Where the listing below reaches the line containing "в набережных челнах", start writing out lines exactly, and stop once the line containing "X Line Ear cuff" has been written.

[Records for the task — start]

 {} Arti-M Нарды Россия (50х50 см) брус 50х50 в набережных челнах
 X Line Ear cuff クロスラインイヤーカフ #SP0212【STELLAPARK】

[Records for the task — finish]
[Records for the task — start]

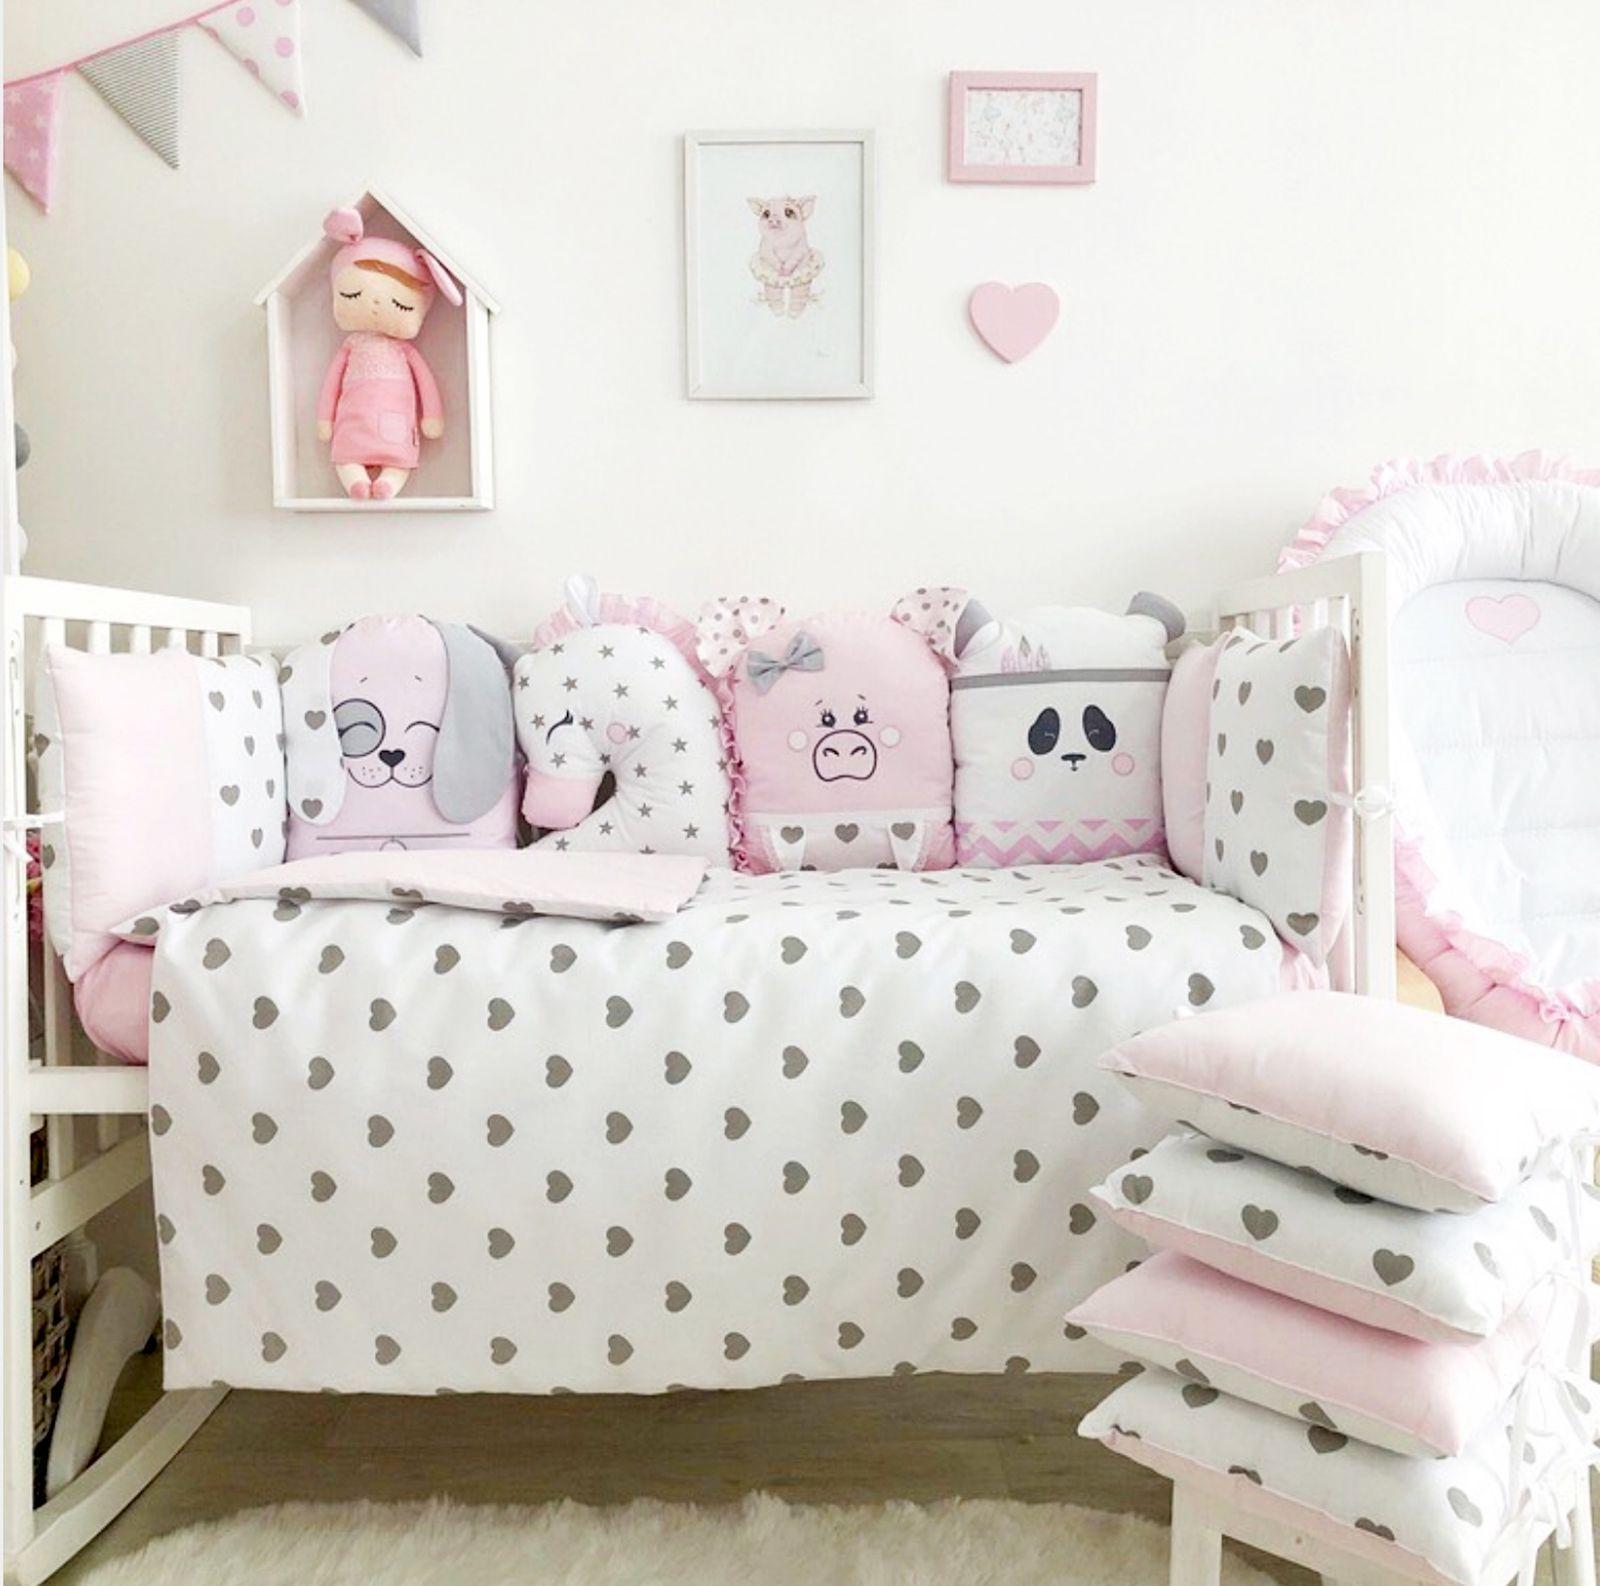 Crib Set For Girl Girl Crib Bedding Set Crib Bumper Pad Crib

[Records for the task — finish]
[Records for the task — start]

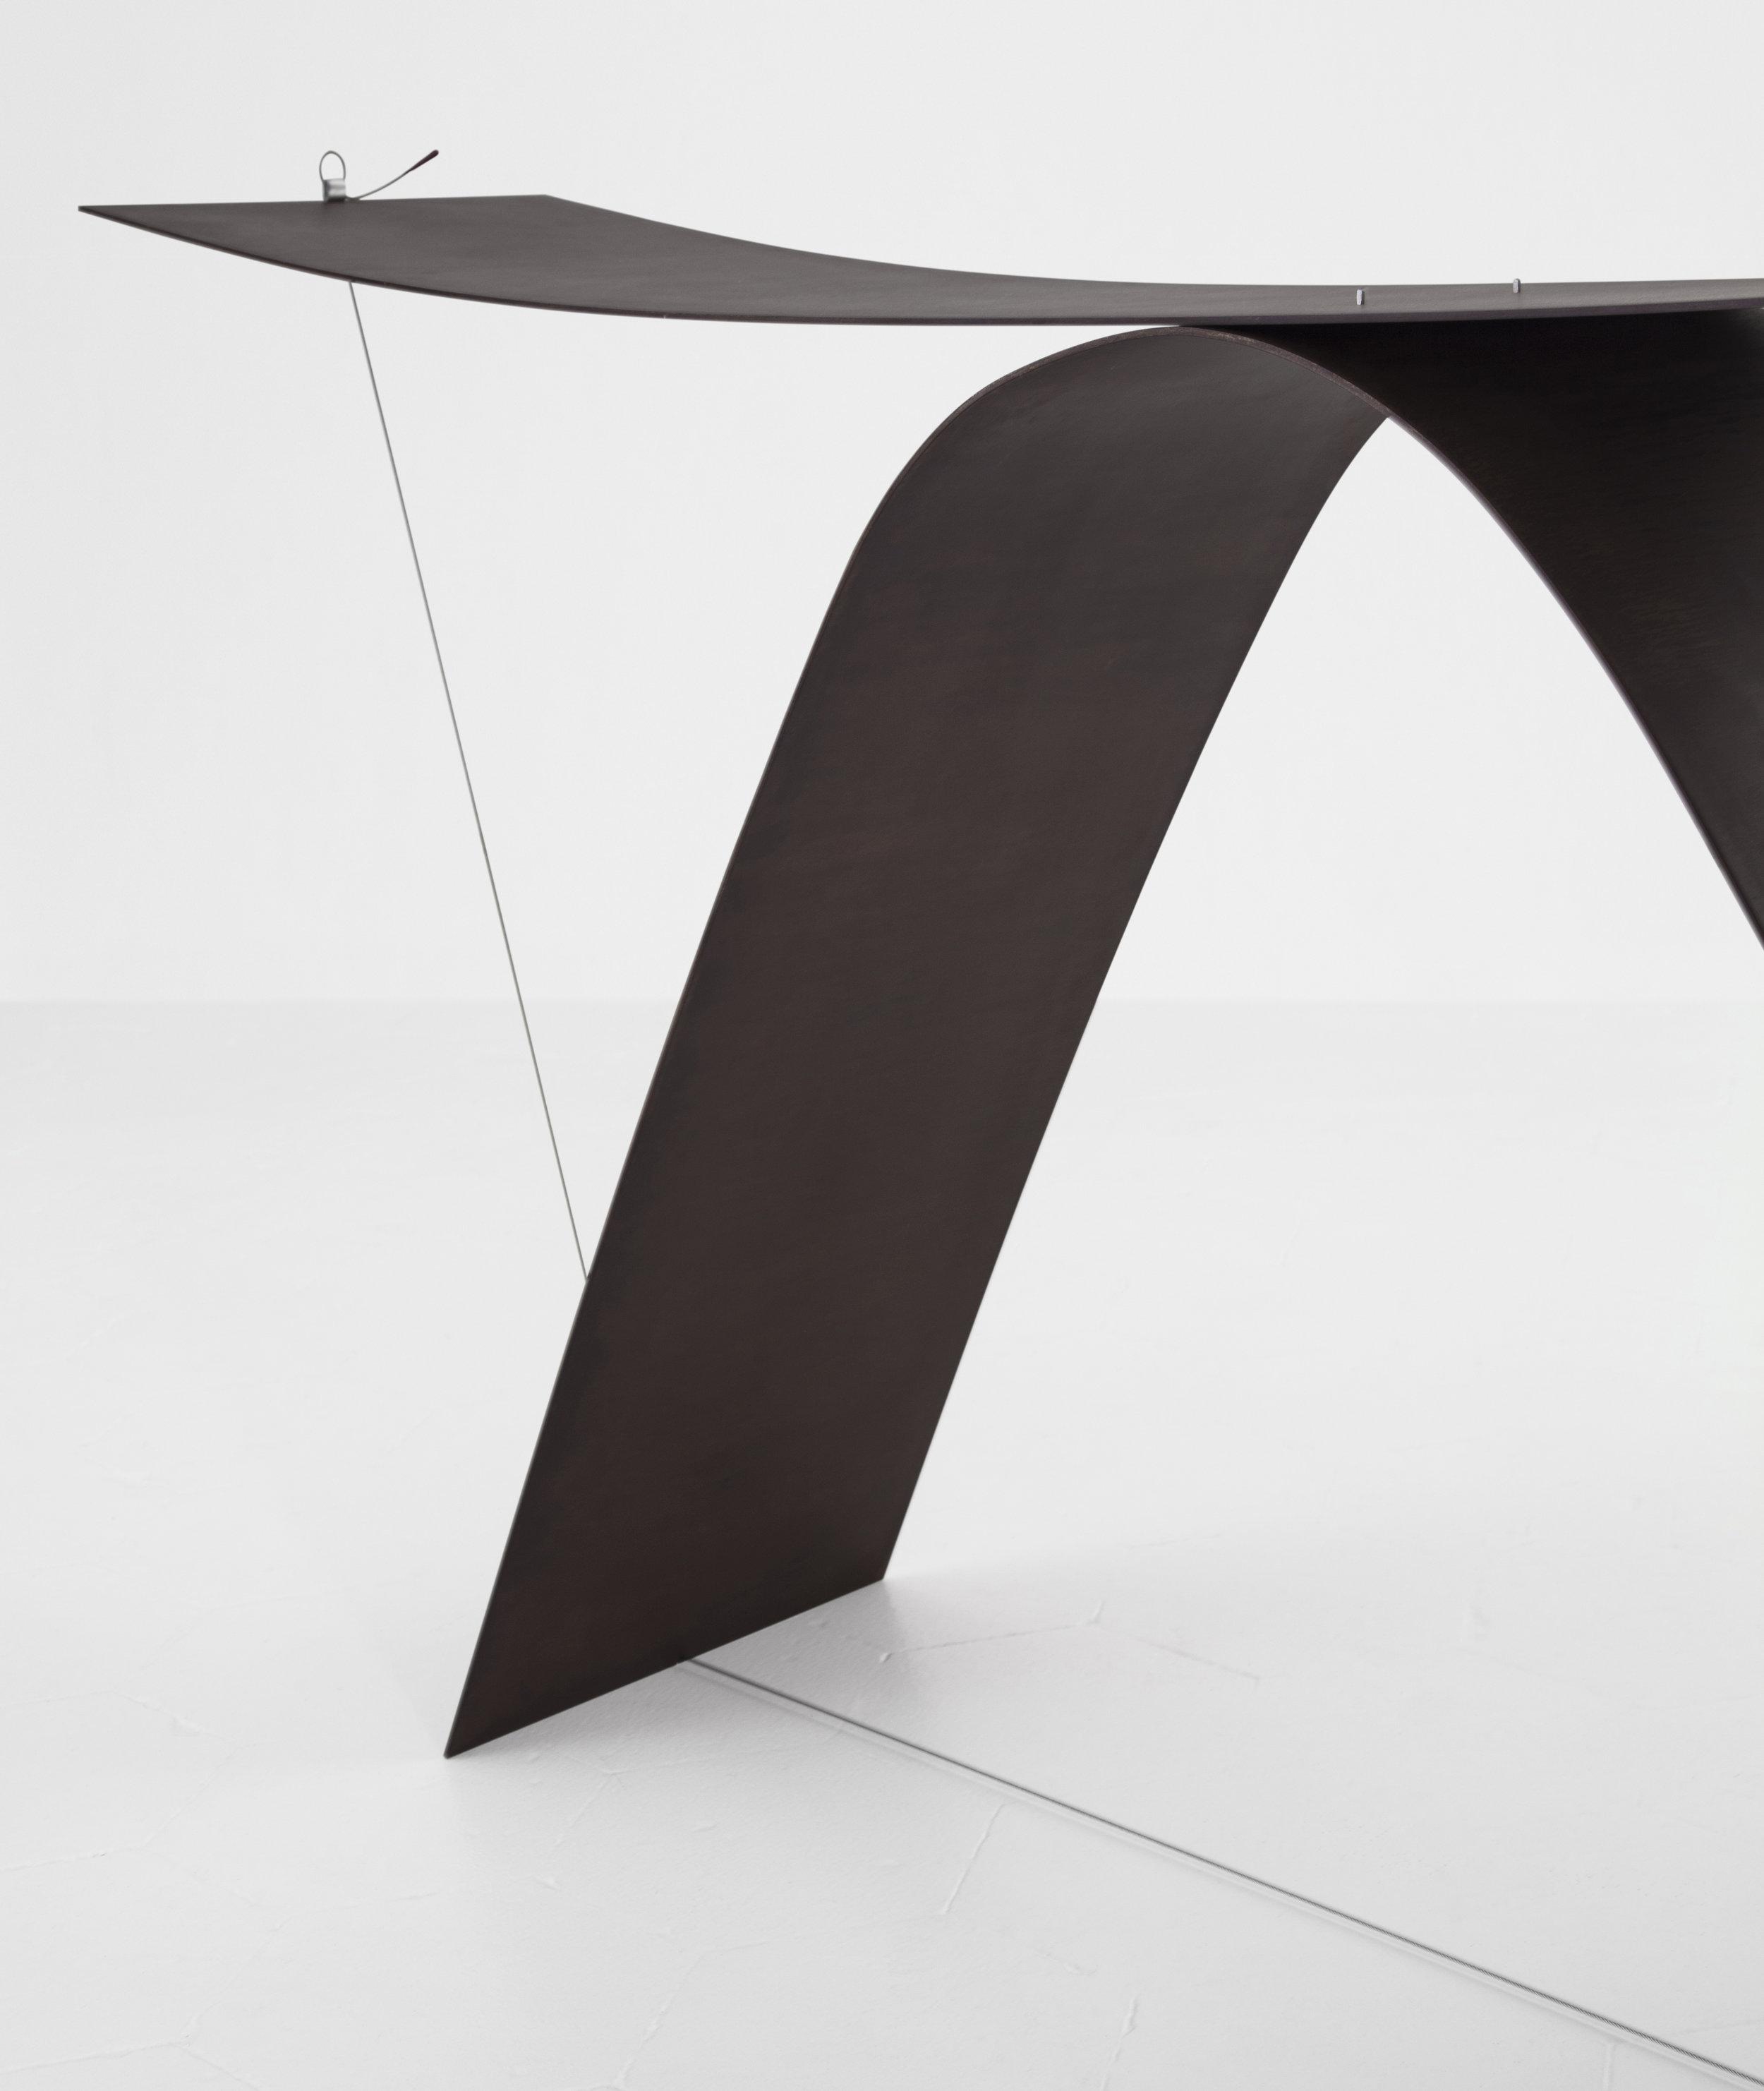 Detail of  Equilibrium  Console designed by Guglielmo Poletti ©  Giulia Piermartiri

[Records for the task — finish]

■ Exercise answer:
 {} Arti-M Нарды Россия (50х50 см) брус 50х50 в набережных челнах
 X Line Ear cuff クロスラインイヤーカフ #SP0212【STELLAPARK】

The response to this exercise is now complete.